Task to carry out. Return all the data below as it stands, minus the pictures.

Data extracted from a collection

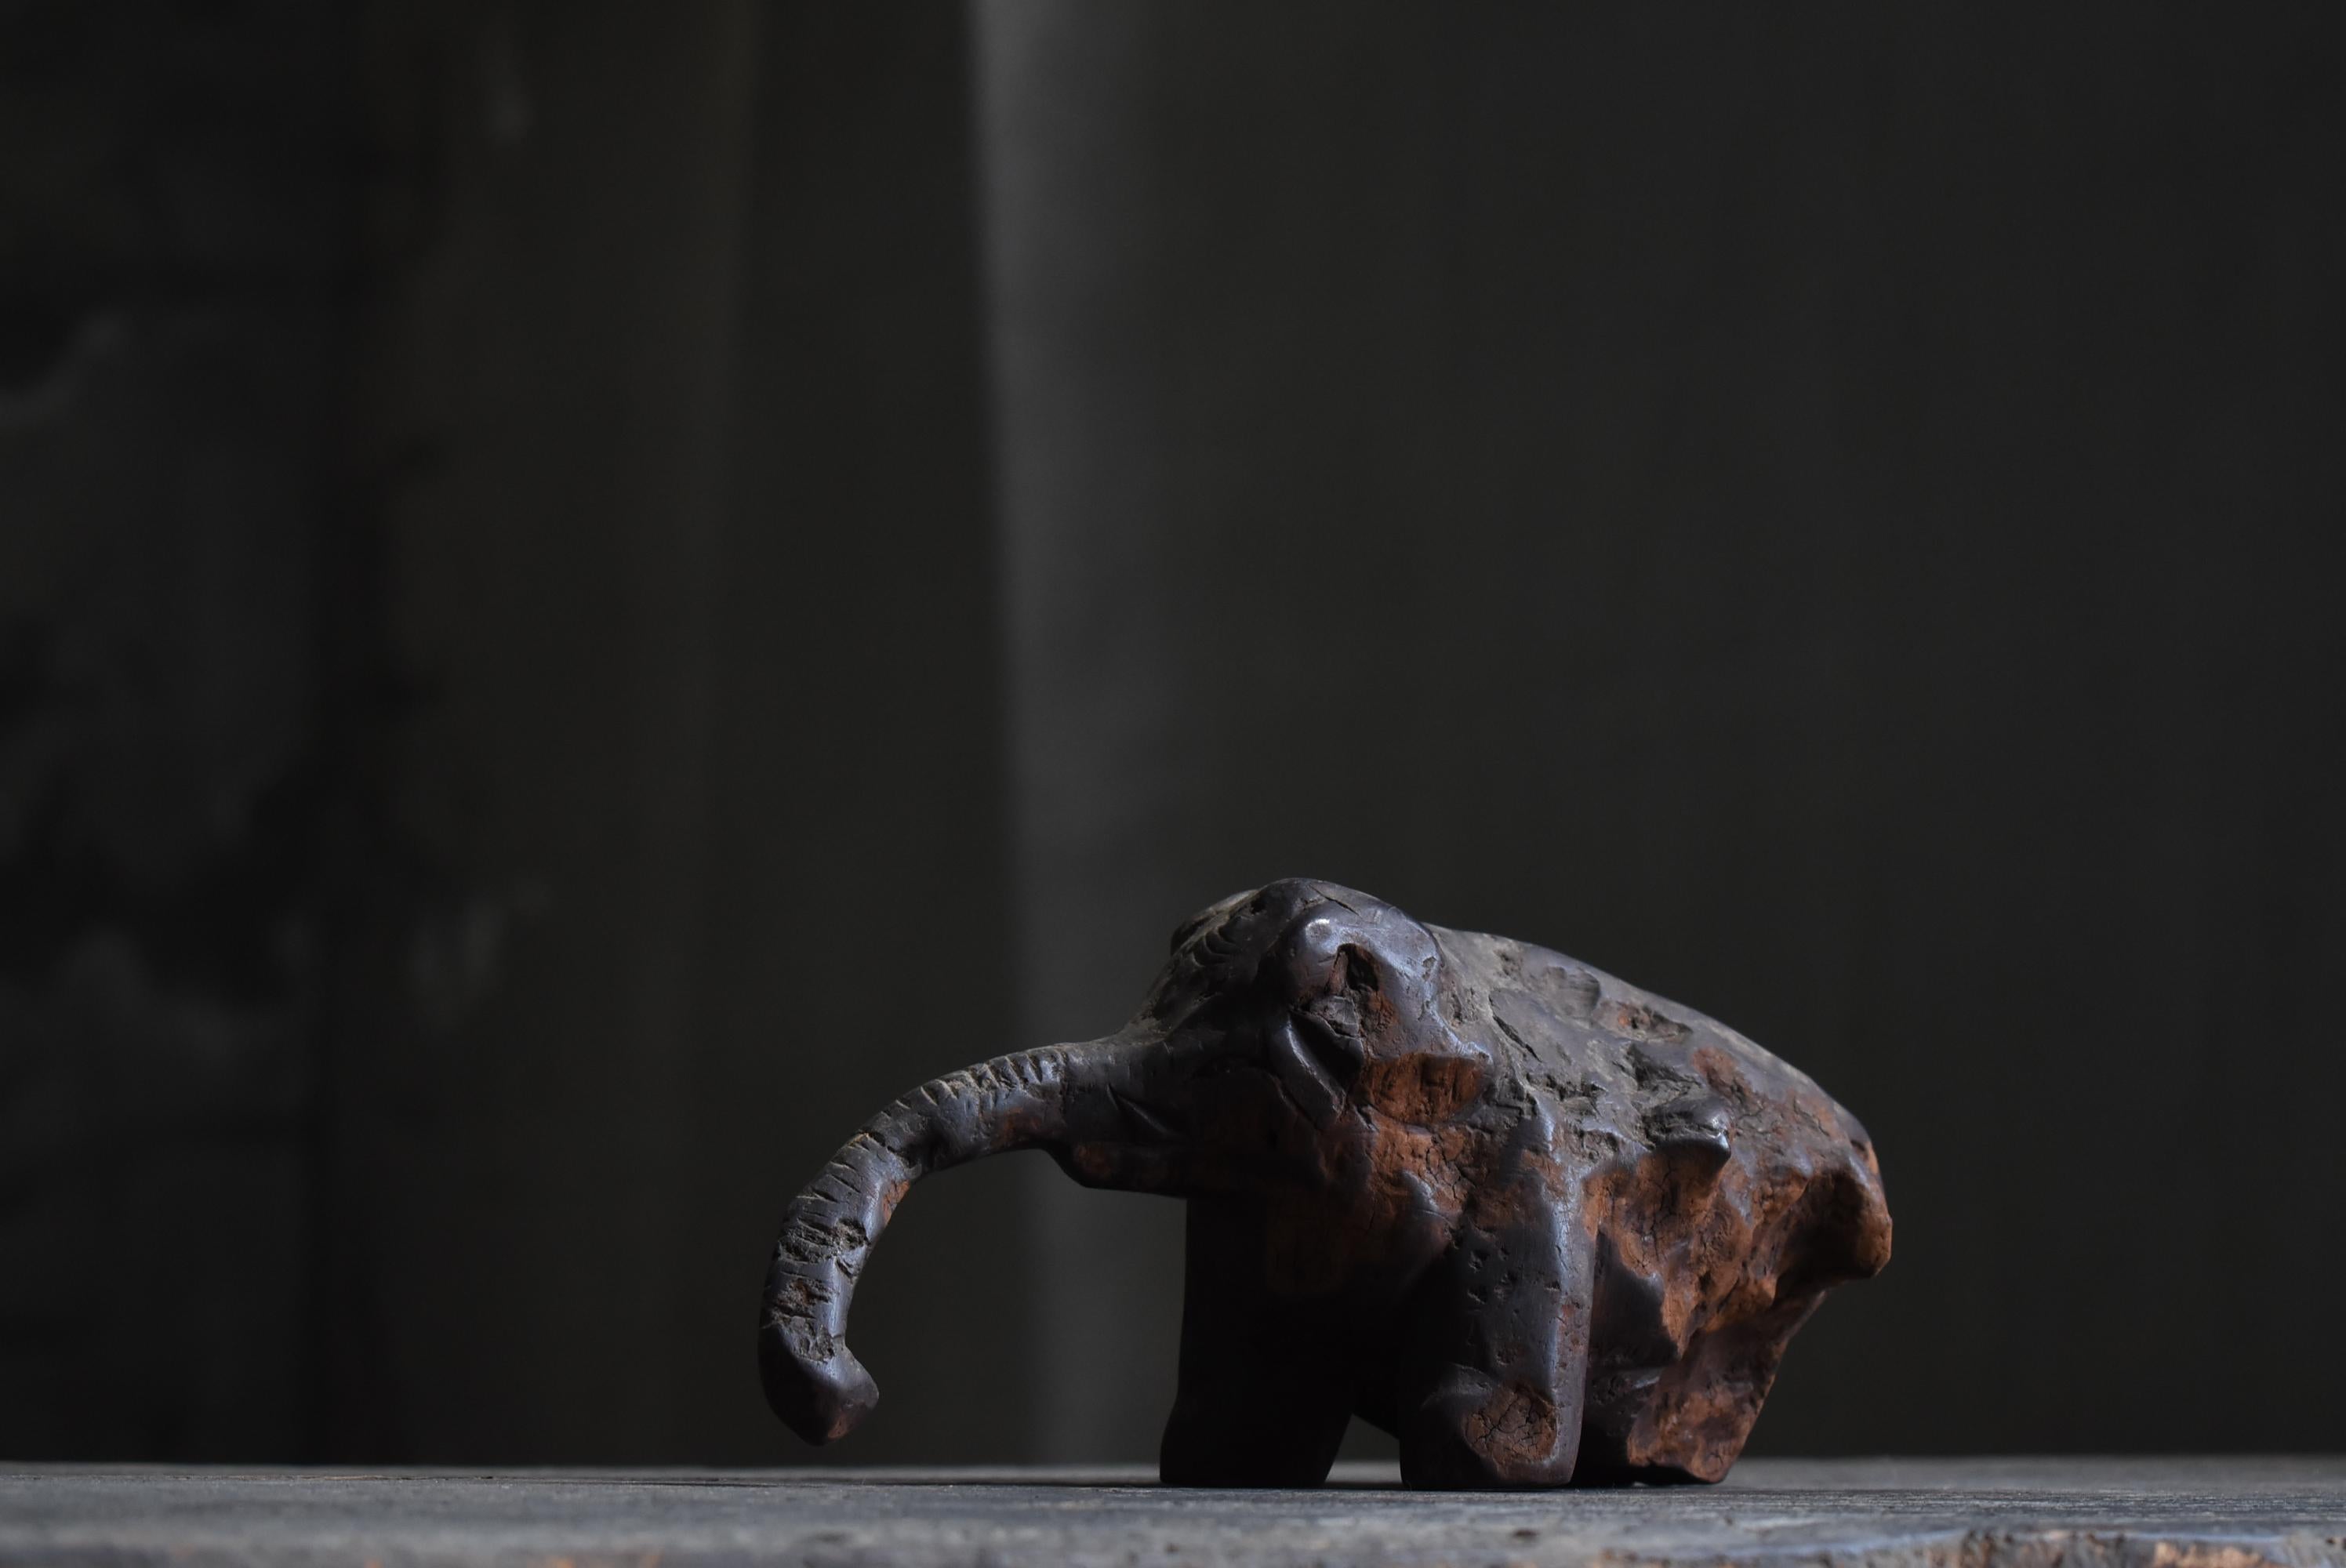 This is a very old Japanese elephant wood carving.
This wood carving dates from the Meiji period (1860s-1920s).
We estimate the material to be cedar wood.

The carving is rough and rugged, but that is what makes it so unique.
It is thought to
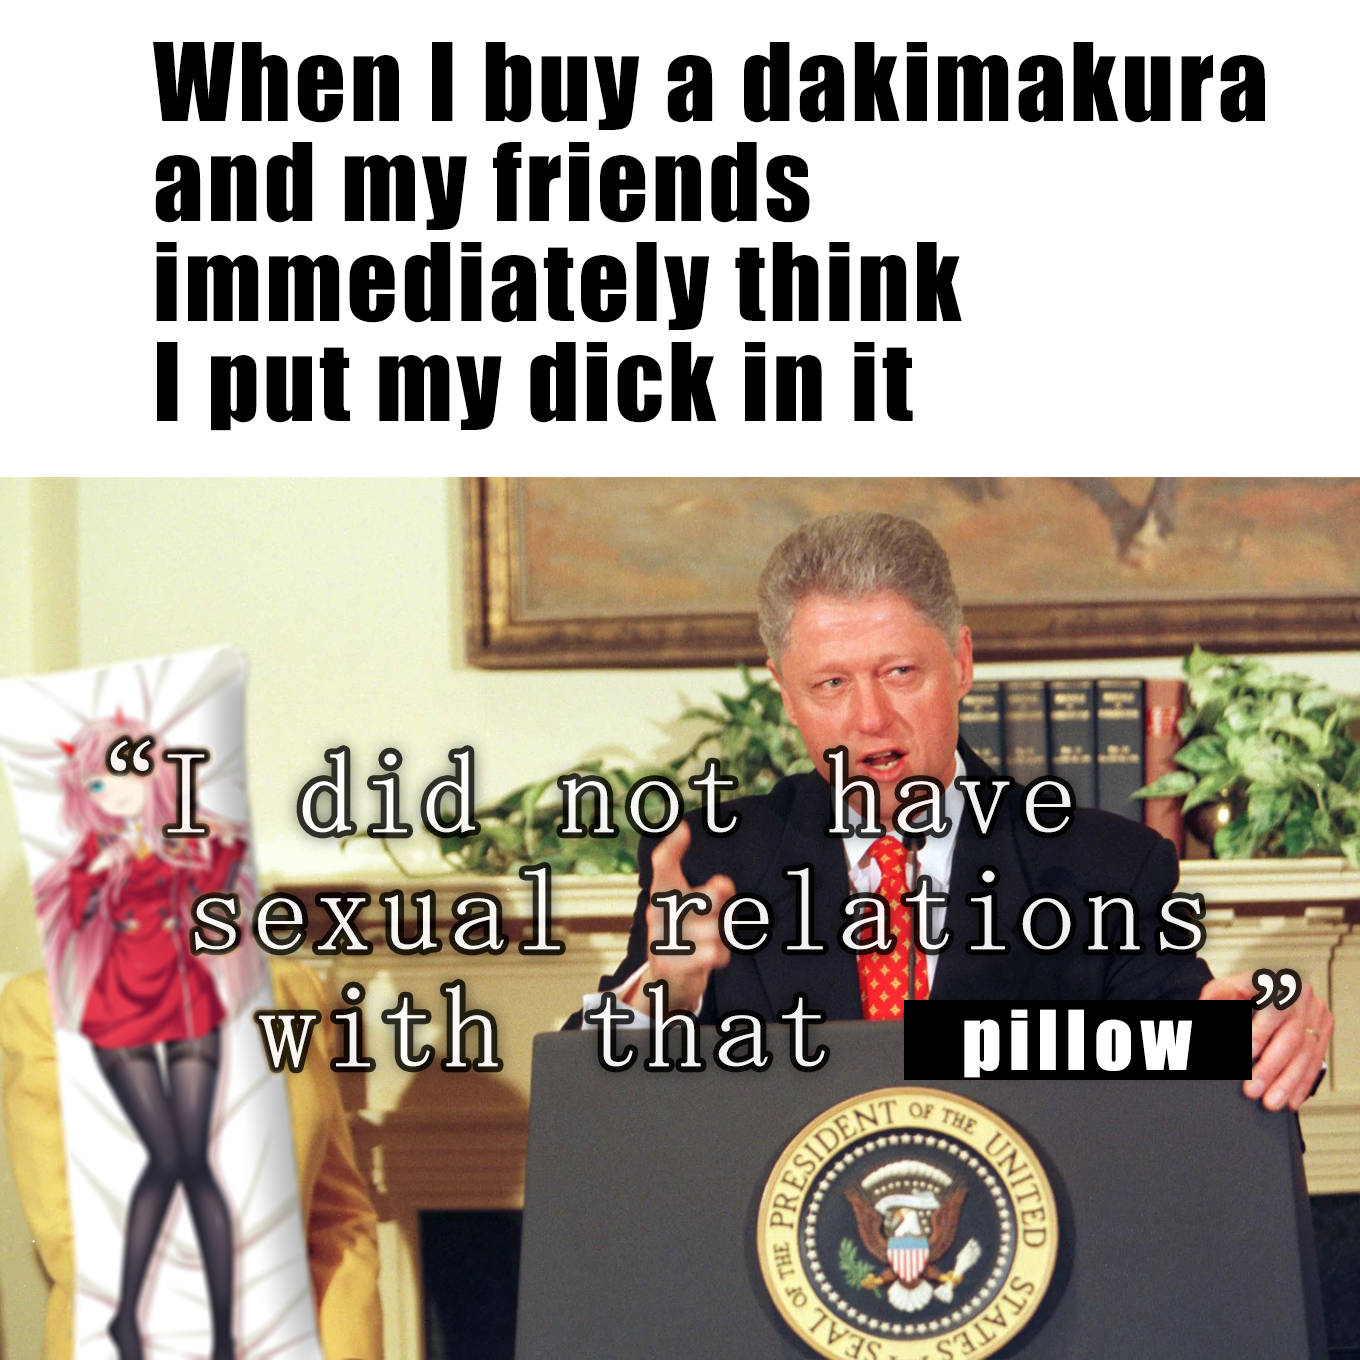 Bodypillow for the uncultured

Solution.
 This is a very old Japanese elephant wood carving.
This wood carving dates from the Meiji period (1860s-1920s).
We estimate the material to be cedar wood.

The carving is rough and rugged, but that is what makes it so unique.
It is thought to
 Bodypillow for the uncultured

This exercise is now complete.